We provided three level patterns: (1) pipeline level. (2) part level. (3) function level.

Pipeline-level pattern

For the function level pattern, we provide a script: Part-All-eQTac_pipeline.py. It can be used as Utilities_pipeline/example_All_pipeline.sh:

python Part-All-eQTac_pipeline.py \
	-p test_data/test.positive.bed \
	-ex test_data/test.exclude.bed \
	-pre test_data/test.pre.bed \
	--geno test_data/test.geno \
	--snp test_data/test.geno.snplist \
	-fa test_data/test.hg19.chr17.fa \
	-exp test_data/test.exp_residual \
	-n 100 \
	-o output_eQTac \
	-t 3 -l 10 -k 6 -c 10 -g 2 -e 0.01

Part-level pattern

For the function level pattern, we provide four scripts:

Part-1-Train_model.py
Part-2-Generate_PRE_fa.py
Part-3-Predict_PRE_score.py
Part-4-Calculate_eQTac_correlation.py

It can be used as Utilities_pipeline/example_Part_pipeline.sh:

python Part-1-Train_model.py \
	-p test_data/test.positive.bed \
	-ex test_data/test.exclude.bed \
	-o output_eQTac_part \
	-t 3 -l 10 -k 6 -c 10 -g 2 -e 0.01

python Part-2-Generate_PRE_fa.py \
	-pre test_data/test.pre.bed \
	--geno test_data/test.geno \
	--snp test_data/test.geno.snplist \
	-fa test_data/test.hg19.chr17.fa \
	-o output_eQTac_part

python Part-3-Predict_PRE_score.py \
	-m output_eQTac_part/test.positive.pos.svmmodel.3_10_6_0.01.model.txt \
	-l output_eQTac_part/test.geno.snplist.bed--test.pre.bed.pre_snplist.ld_info \
	-mfa output_eQTac_part/test.geno.snplist.bed--test.pre.bed.pre_snplist.ld_info.snplist.bed.mutate.fa \
	-geno test_data/test.geno \
	-snp output_eQTac_part/test.geno.snplist.bed--test.pre.bed.pre_snplist \
	-T 1 \
	-o output_eQTac_part

python Part-4-Calculate_eQTac_correlation.py \
	-pre output_eQTac_part/test.geno.vcf.gz.PRE_score \
	-exp test_data/test.exp_residual \
	-n 50 \
	-o output_eQTac_part

Function-level pattern

For the function level pattern, we provide a series of functions:

from eQTac.get_nullseq import get_nullseq
from eQTac.filter_bkg import filter_bkg
from eQTac.generate_snp_dict import generate_snp_dict
from eQTac.generate_PRE import generate_PRE
from eQTac.generate_mut_fa import generate_mut_fa
from eQTac.geno2score import geno2score
from eQTac.eQTac_correlation import eQTac_correlation
from eQTac.eQTac_permutation import eQTac_permutation
from eQTac.control_FDR import control_FDR

These functions can be used to construct the whole pipeline.

Recomend

We recomend to use the pipeline-level pattern at first to make sure that all input formats are valid.

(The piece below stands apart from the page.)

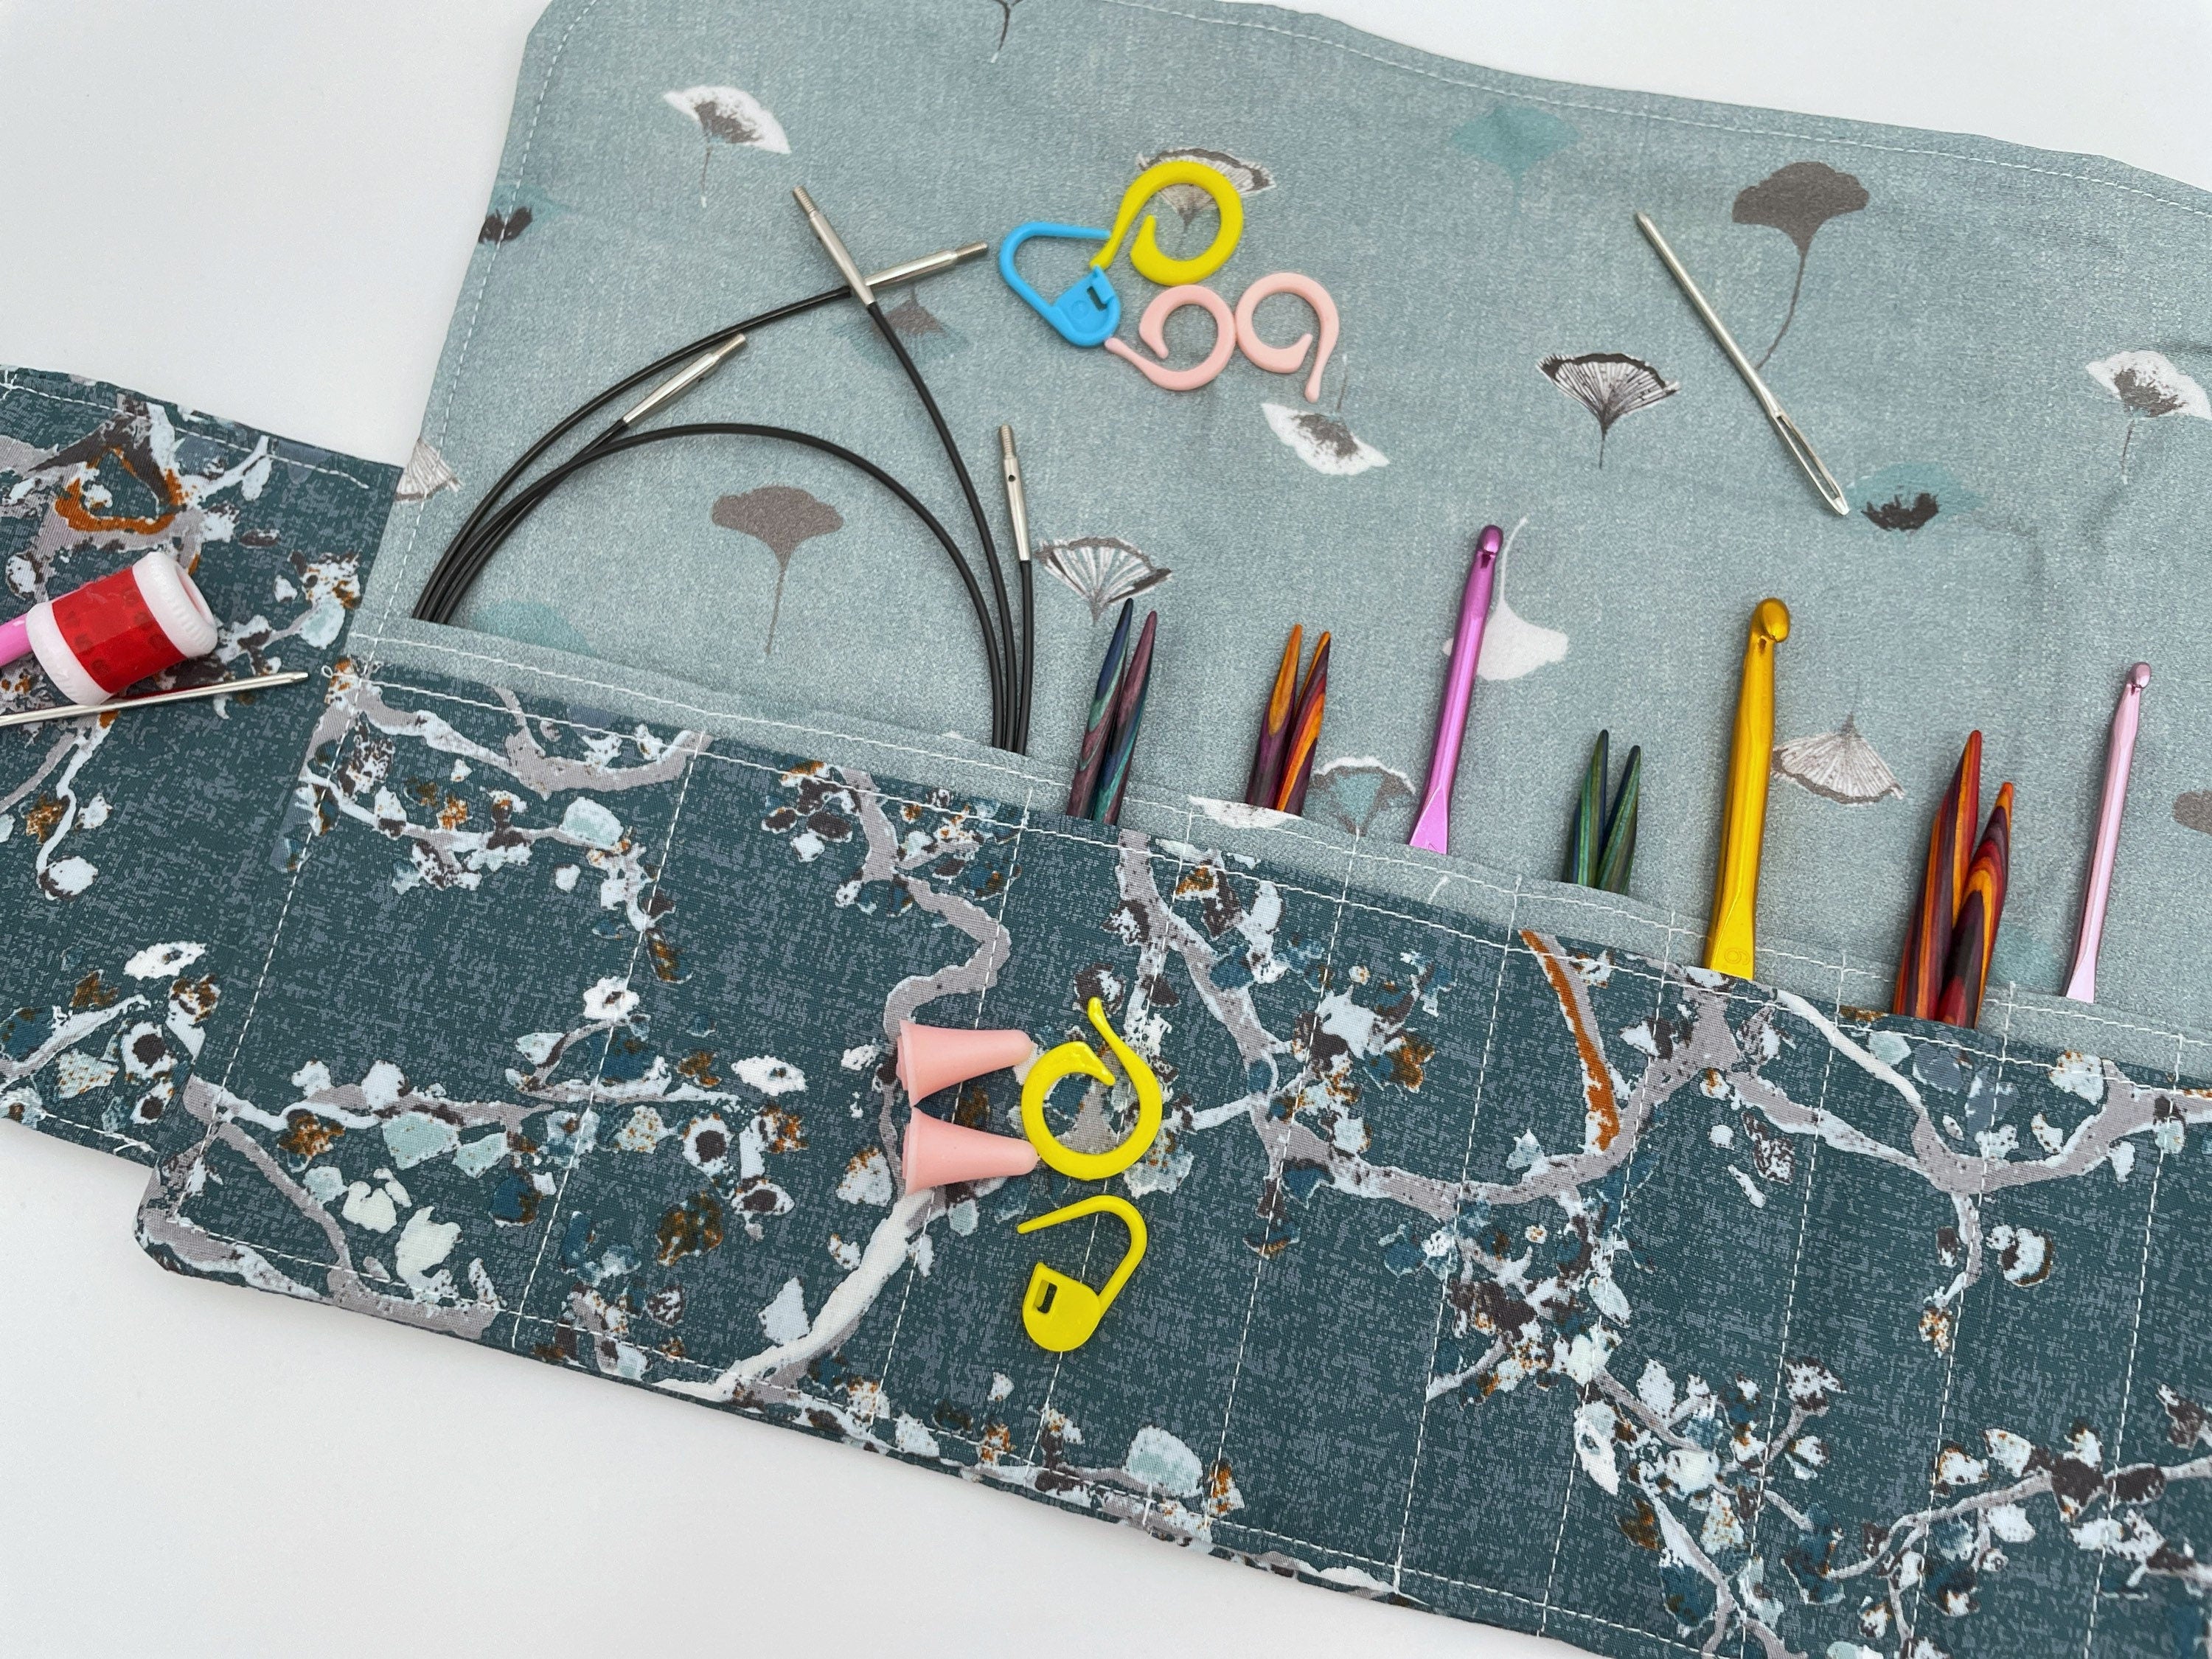 Yazzii Knitting Needles Case - Travel Organizer for Knitting Needles -  Rolling Organizer Case Navy

Then use the part-level pattern to debug parameters. (e.g. training a best performance model). The first step is the most time-consuming step, we recomended to use the part-level pattern to save the SVM model xxx.svmmodel.3_10_6_0.01.model.txt.

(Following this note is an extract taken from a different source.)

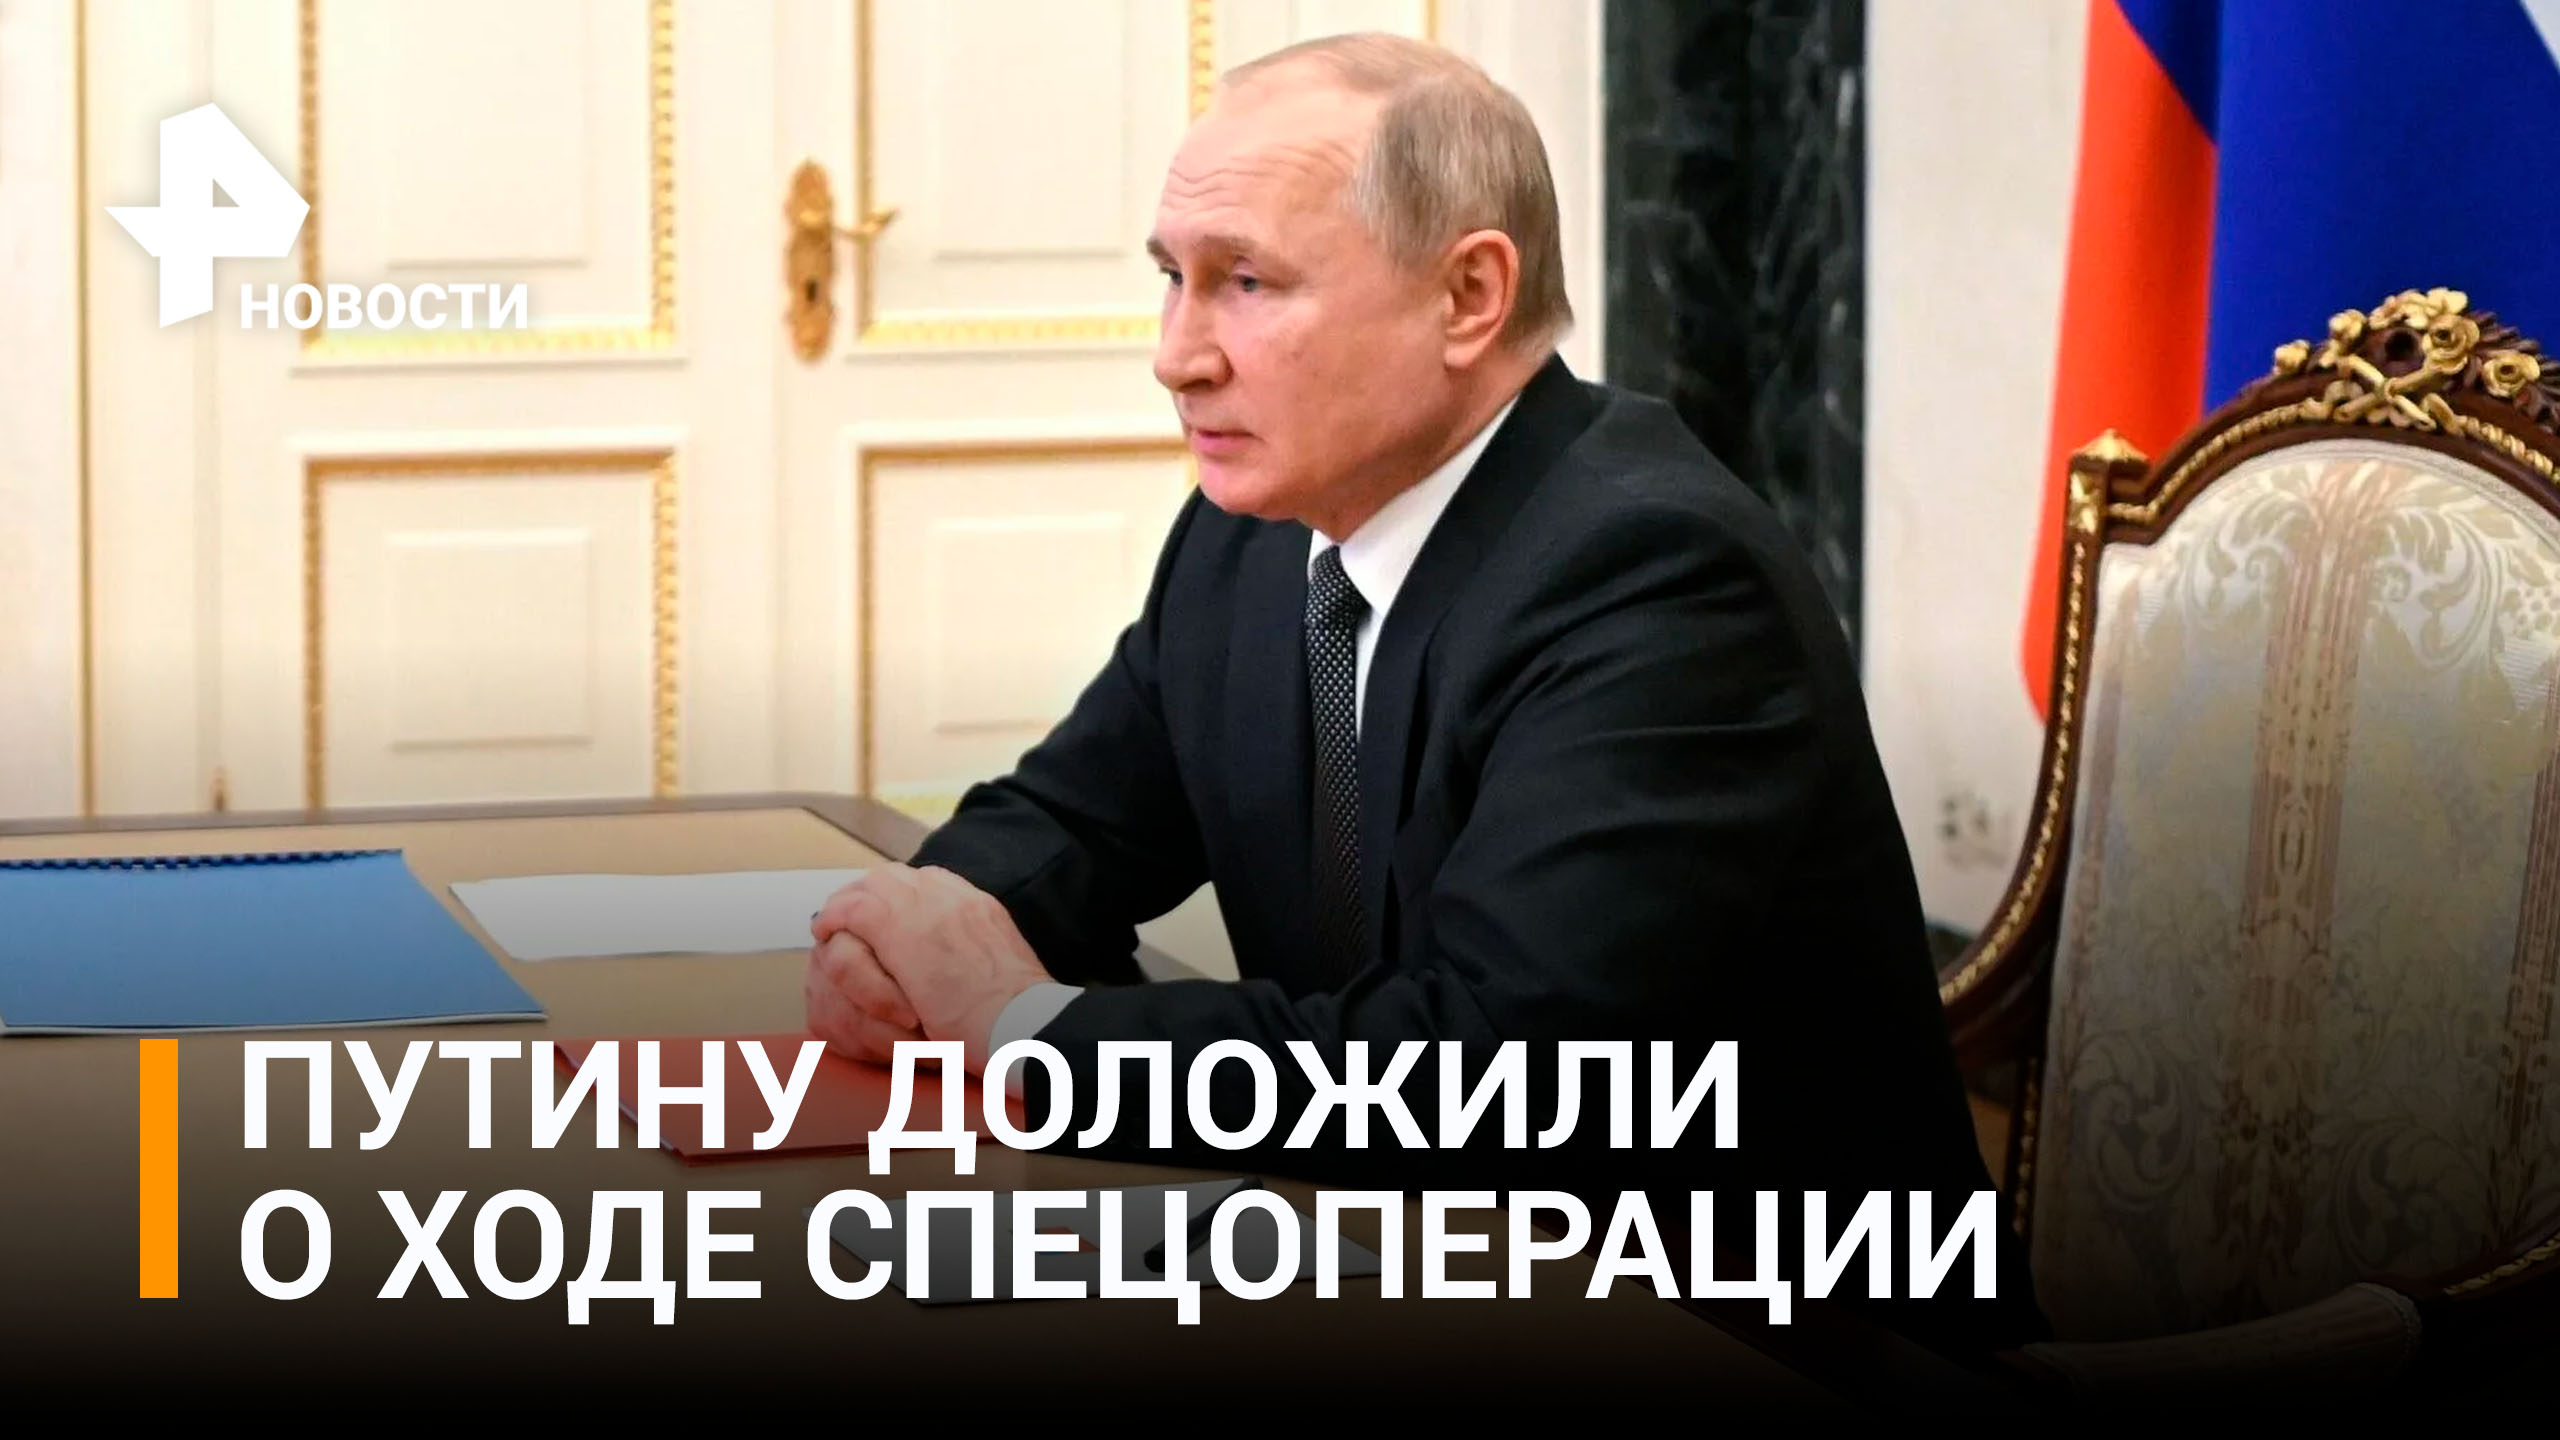 Путин обсудил ход спецоперации с членами Совбеза / РЕН Новости

If you are familiar with this pipeline, you can directly use the function-level pattern to construct your own pipeline.

Notes

  1. The test result is very volatile, because of the small size of test dataset (only ~6MB length of sequences). The results will be stable with tens of thousands or more peaks used as positive set.